* _Recorded data_:
****************

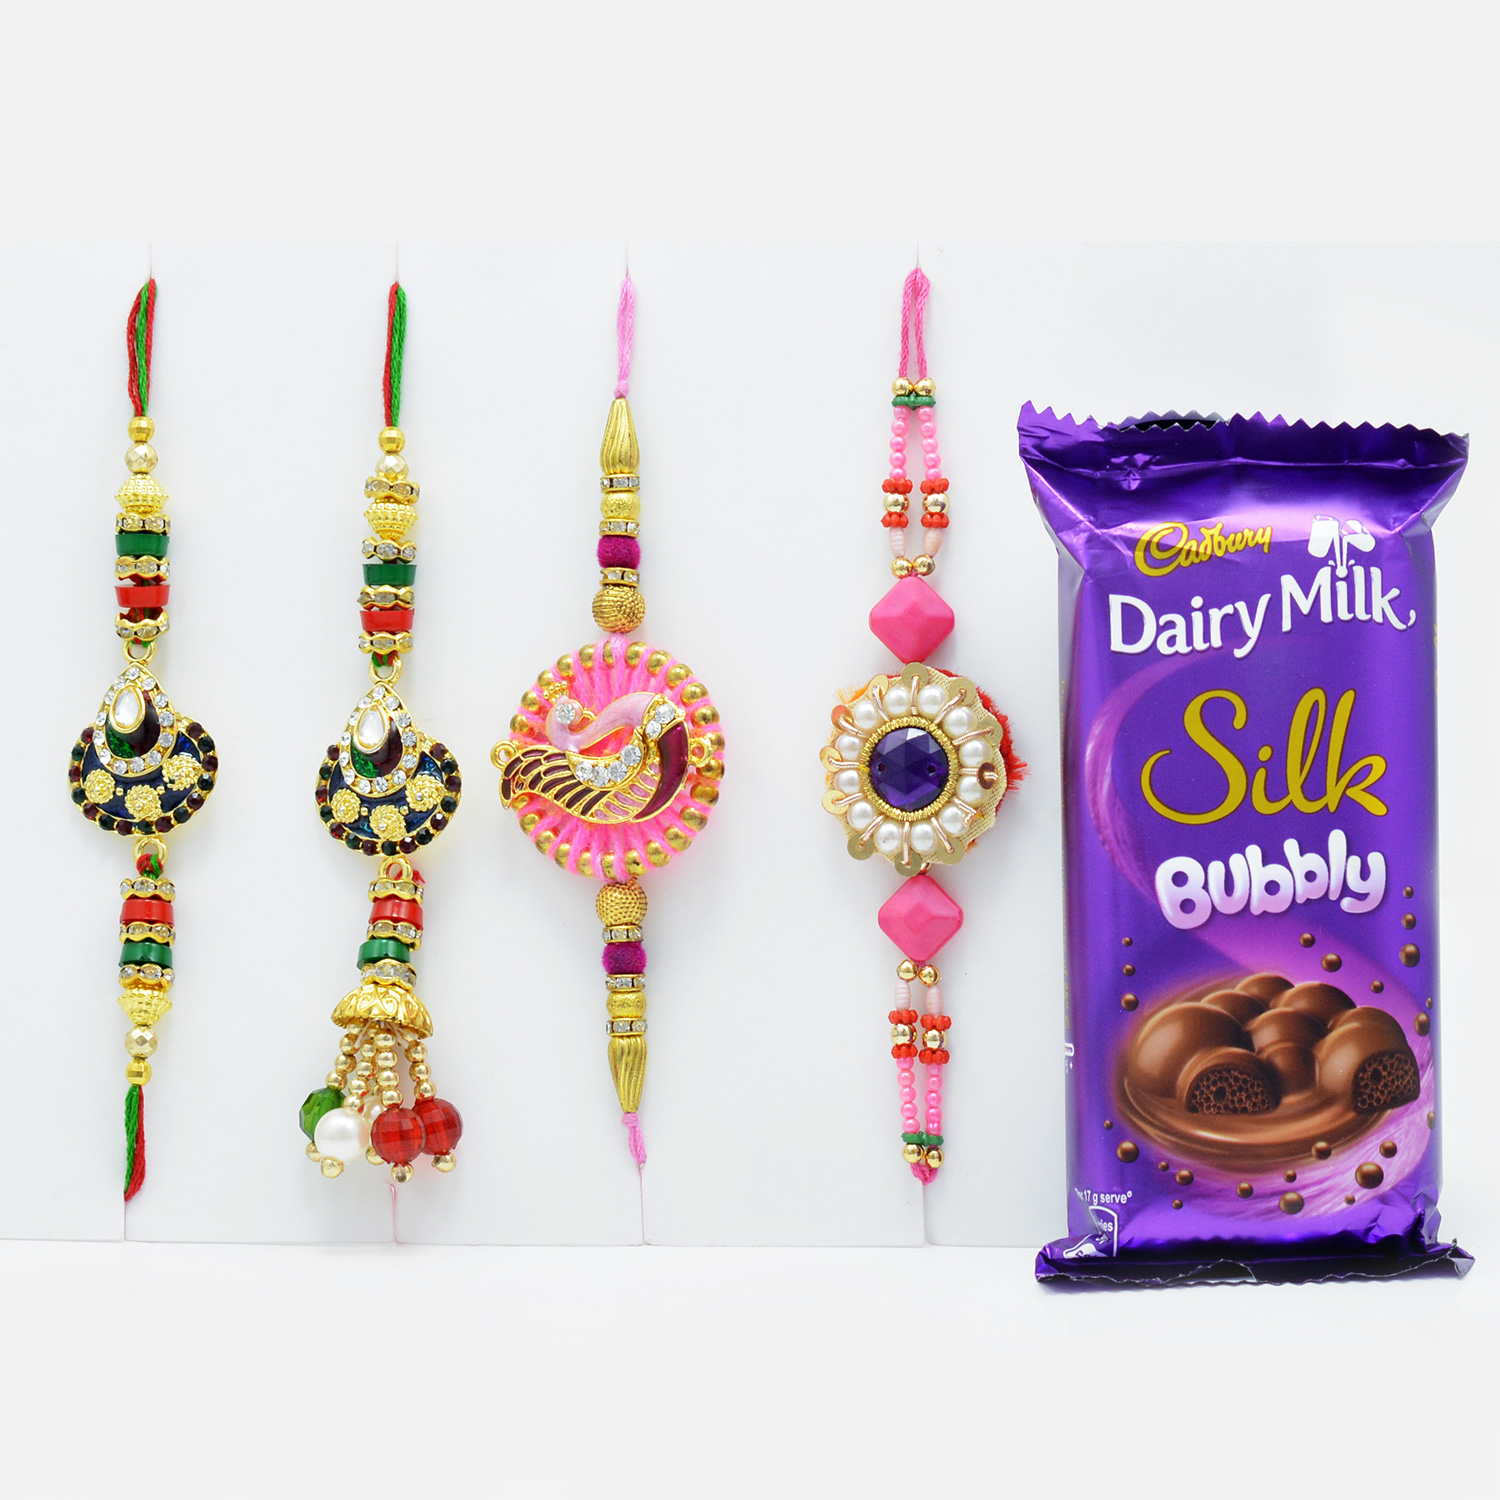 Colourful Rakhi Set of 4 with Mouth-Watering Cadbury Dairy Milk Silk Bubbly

****************

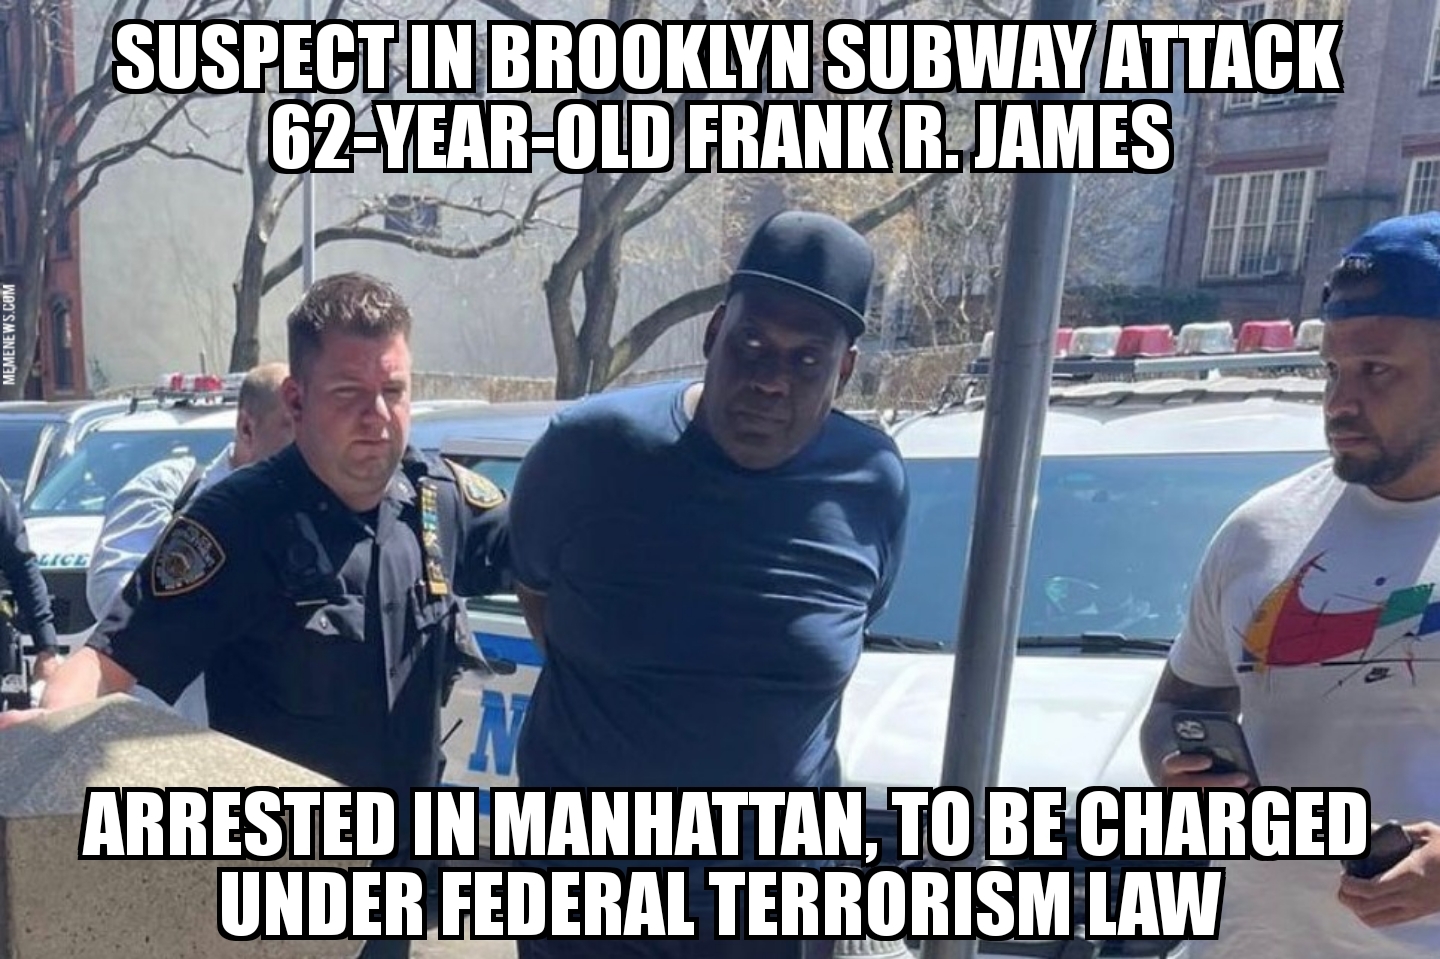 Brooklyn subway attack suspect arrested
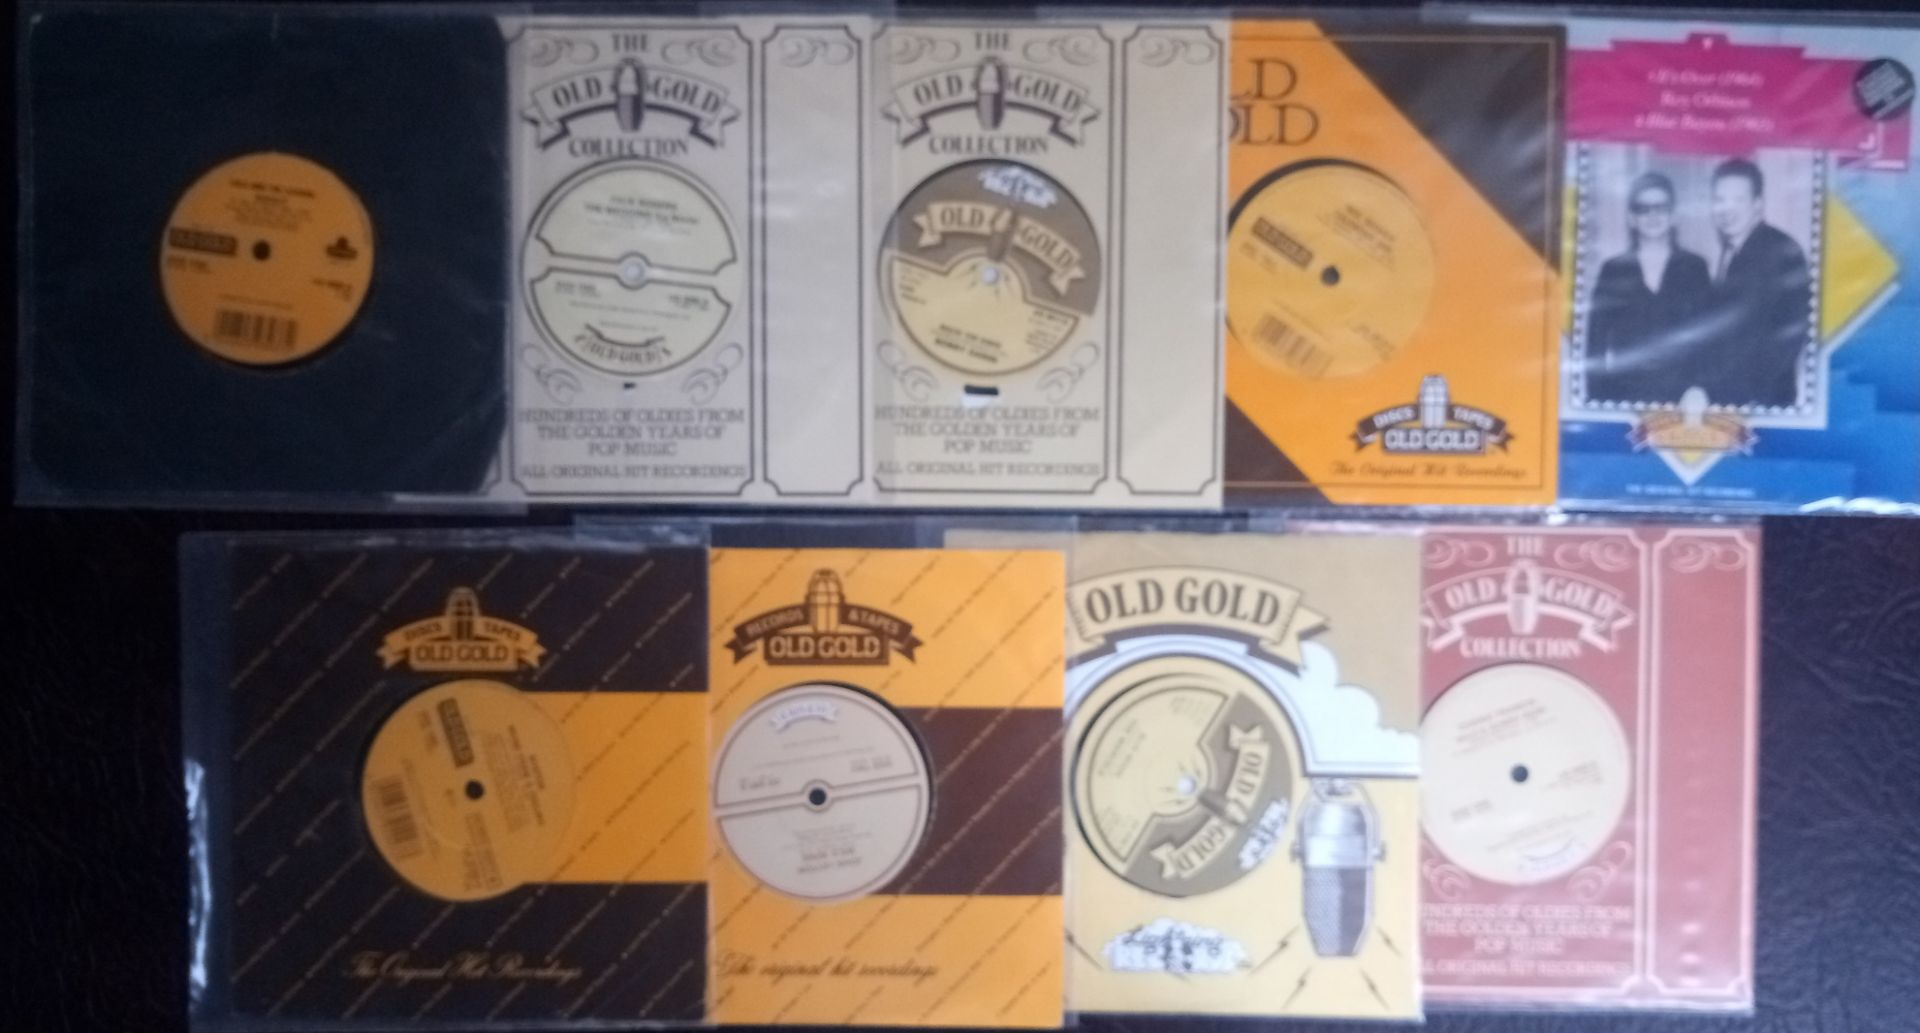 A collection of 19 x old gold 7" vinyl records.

****************

* _Assigned task_: Would you output only the span of the records above that opens with the line containing "Brooklyn subway attack suspect arrested" and closes with the line containing "A collection of", ends included and pictures dropped?

* _Result of the task_:
 Brooklyn subway attack suspect arrested
 A collection of 19 x old gold 7" vinyl records.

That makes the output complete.